• _YOUR INSTRUCTIONS_
Copy the data precisely, character for character, and leave out every picture.

• _INPUT DATA_

■ ■ ■ ■

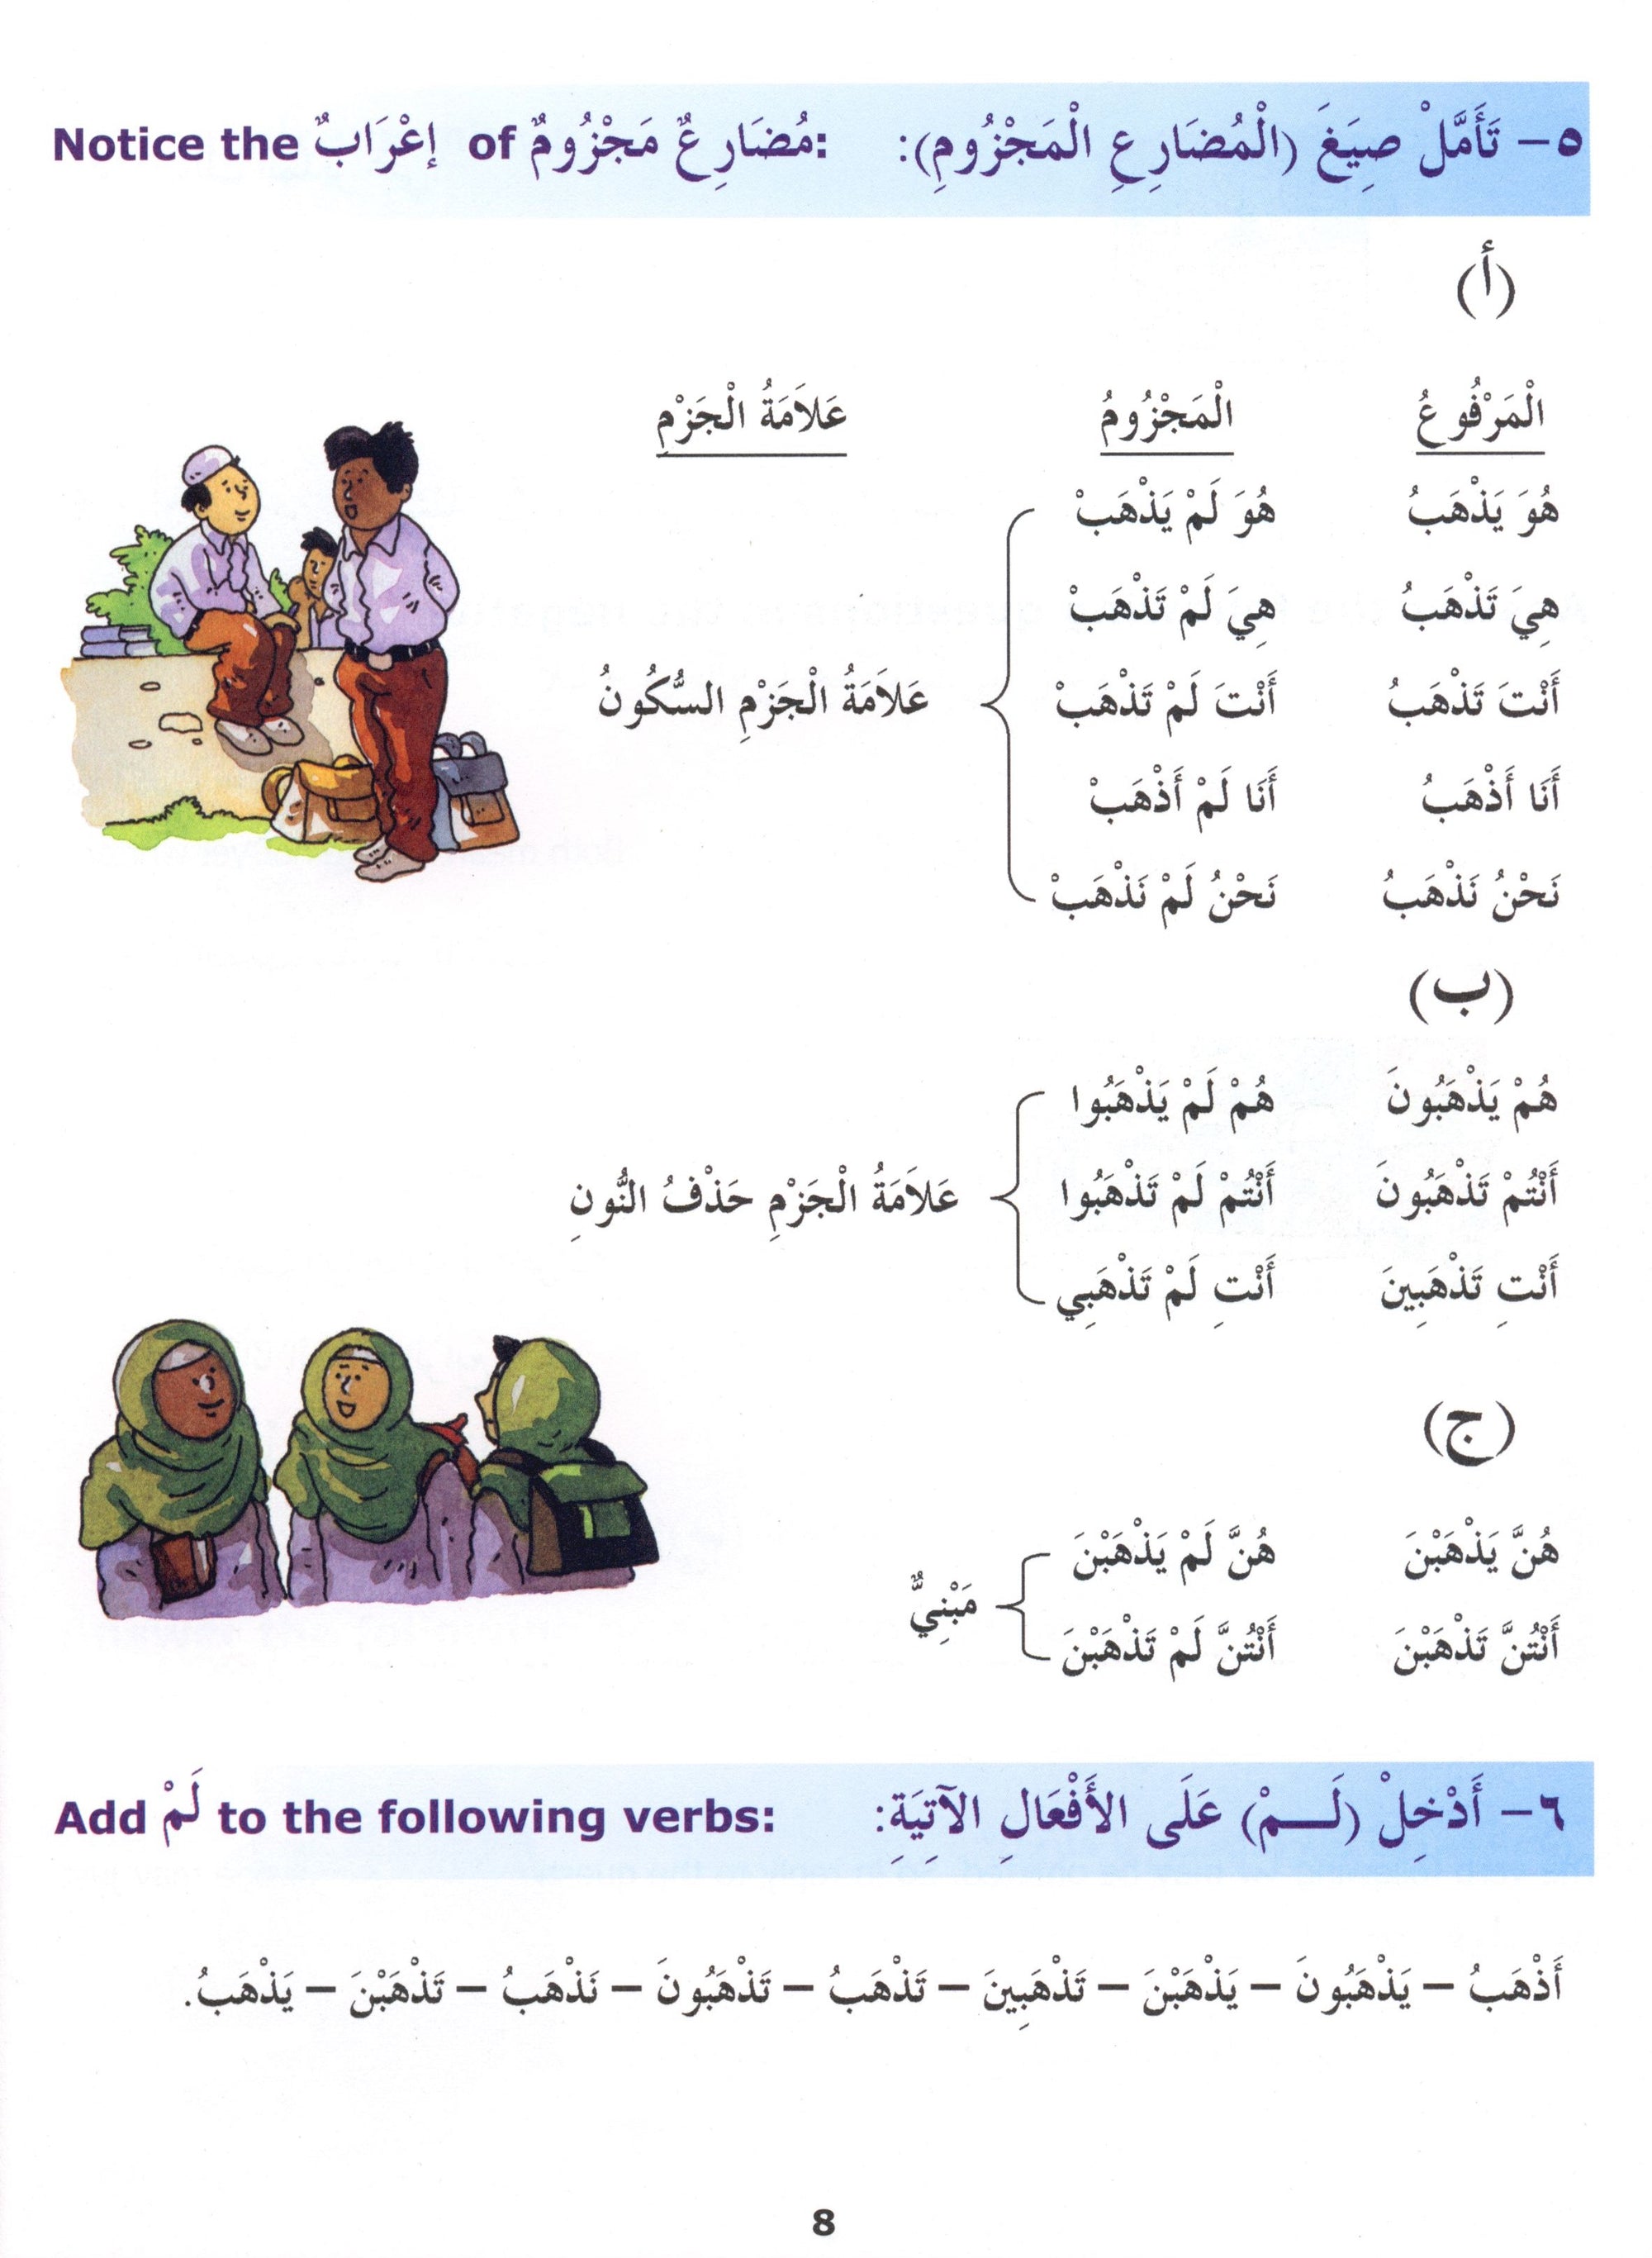 Madinah Arabic Reader Book 5
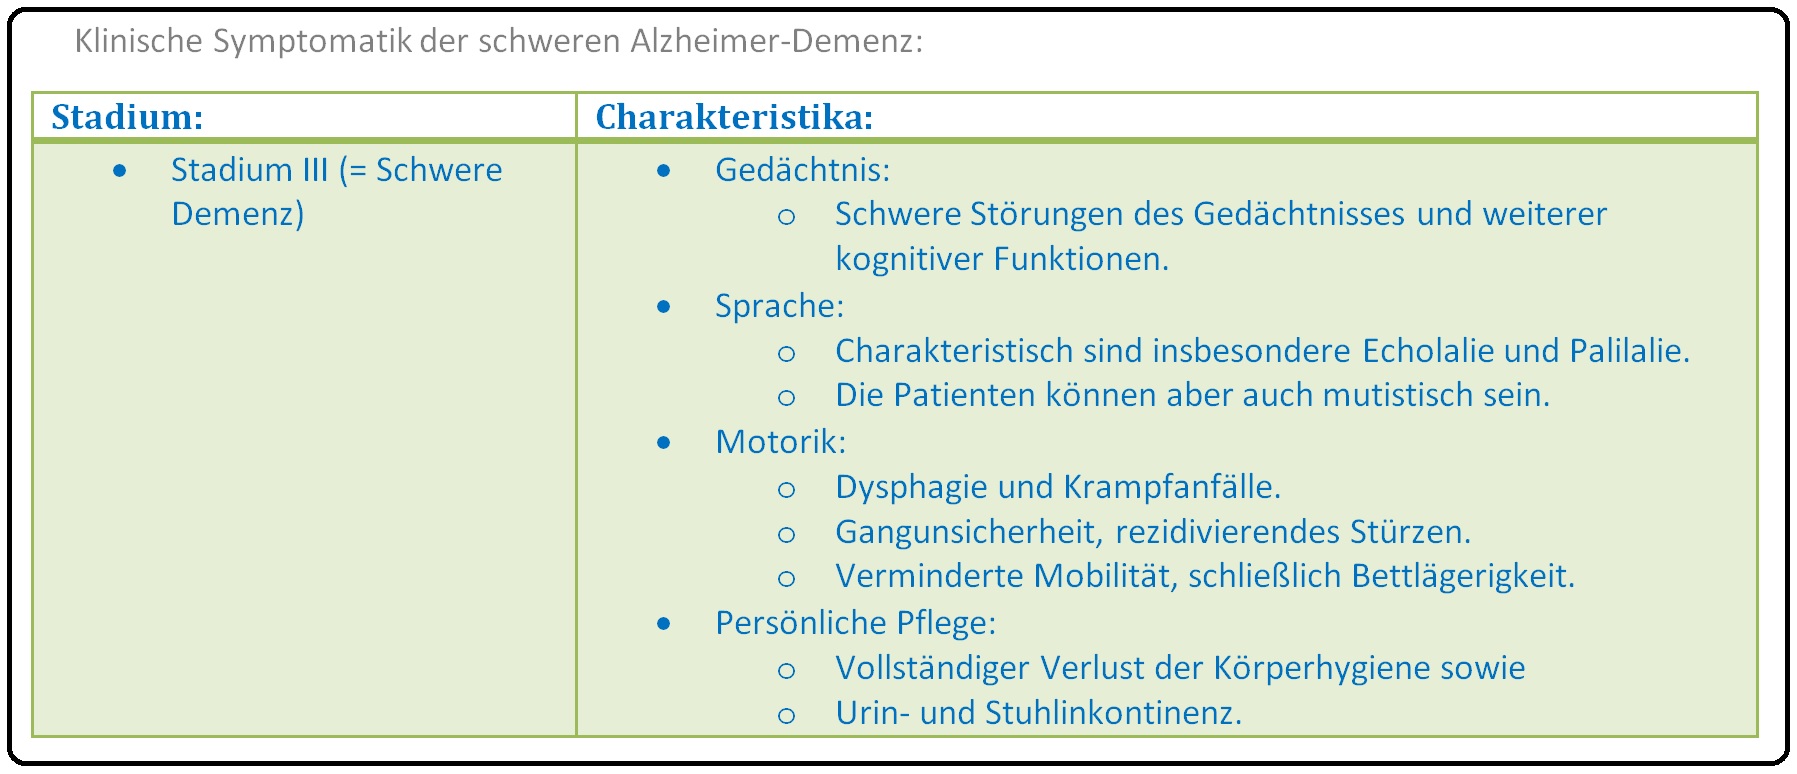 493 Klinische Symptomatik der schweren Alzheimer Demenz
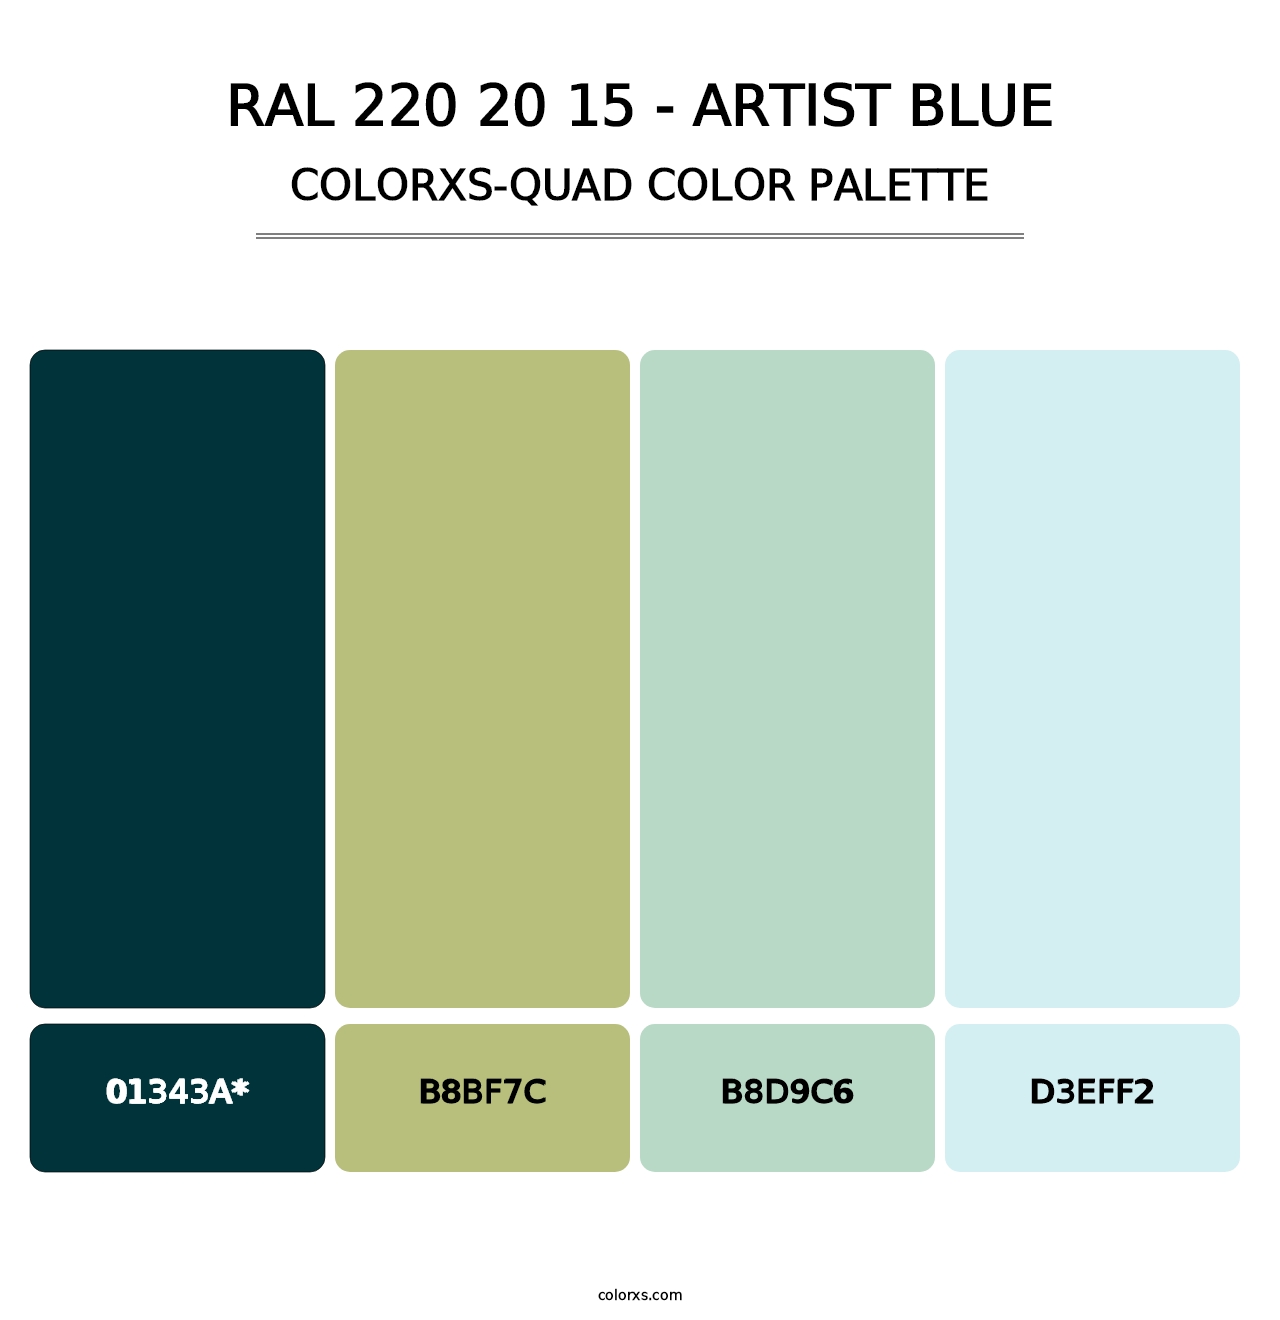 RAL 220 20 15 - Artist Blue - Colorxs Quad Palette
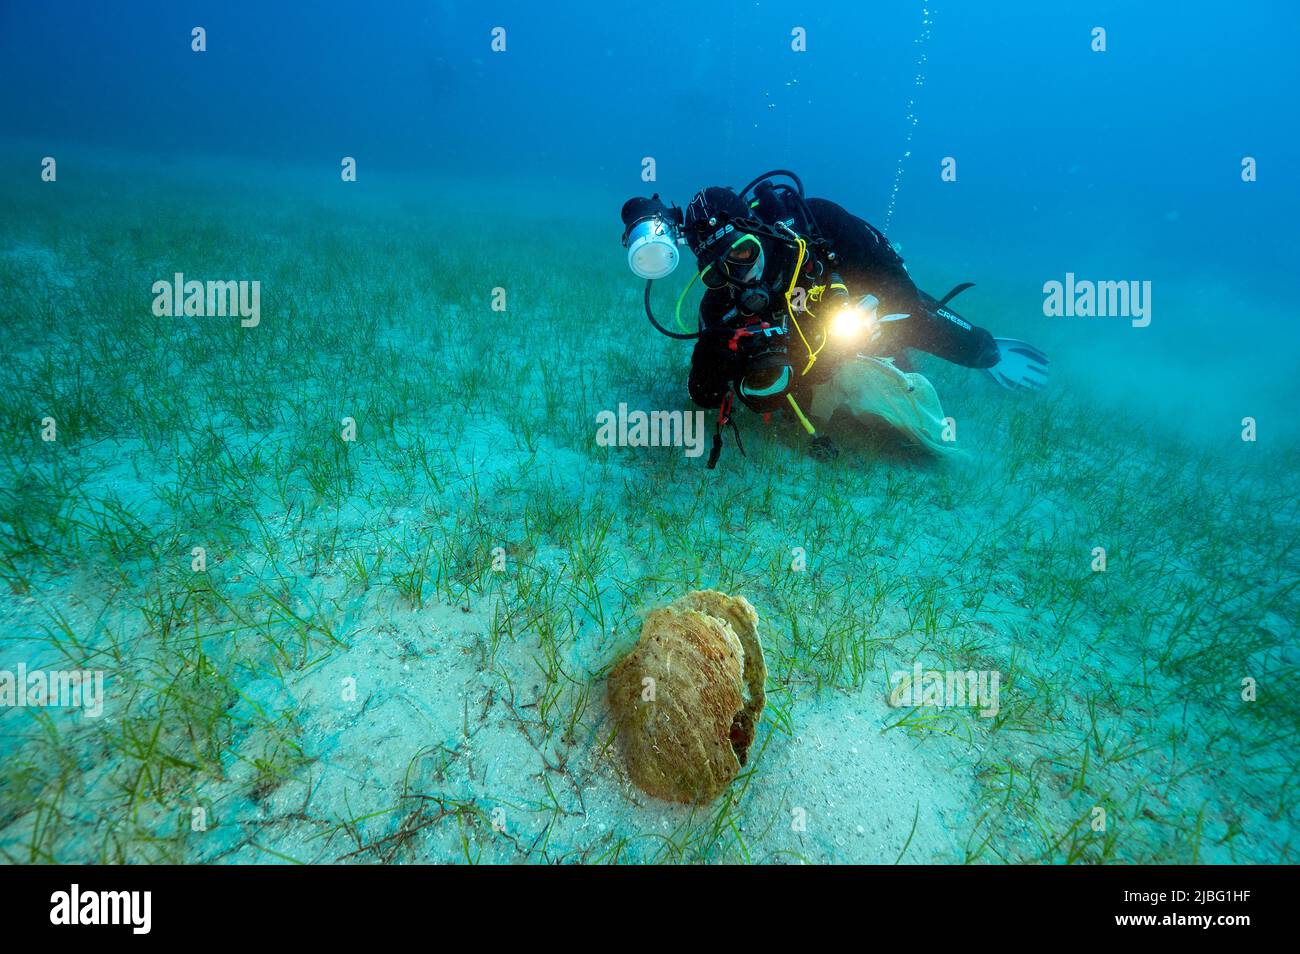 Biólogos marinos que examinan las cáscaras muertas y extintas de Pina nobilis en la bahía de Gokova, Turquía Foto de stock

■ ■ ■ ■

• _RESPONSE_
 Madinah Arabic Reader Book 5
 493 Klinische Symptomatik der schweren Alzheimer Demenz
 RAL 220 20 15 - Artist Blue - Colorxs Quad Palette
 Biólogos marinos que examinan las cáscaras muertas y extintas de Pina nobilis en la bahía de Gokova, Turquía Foto de stock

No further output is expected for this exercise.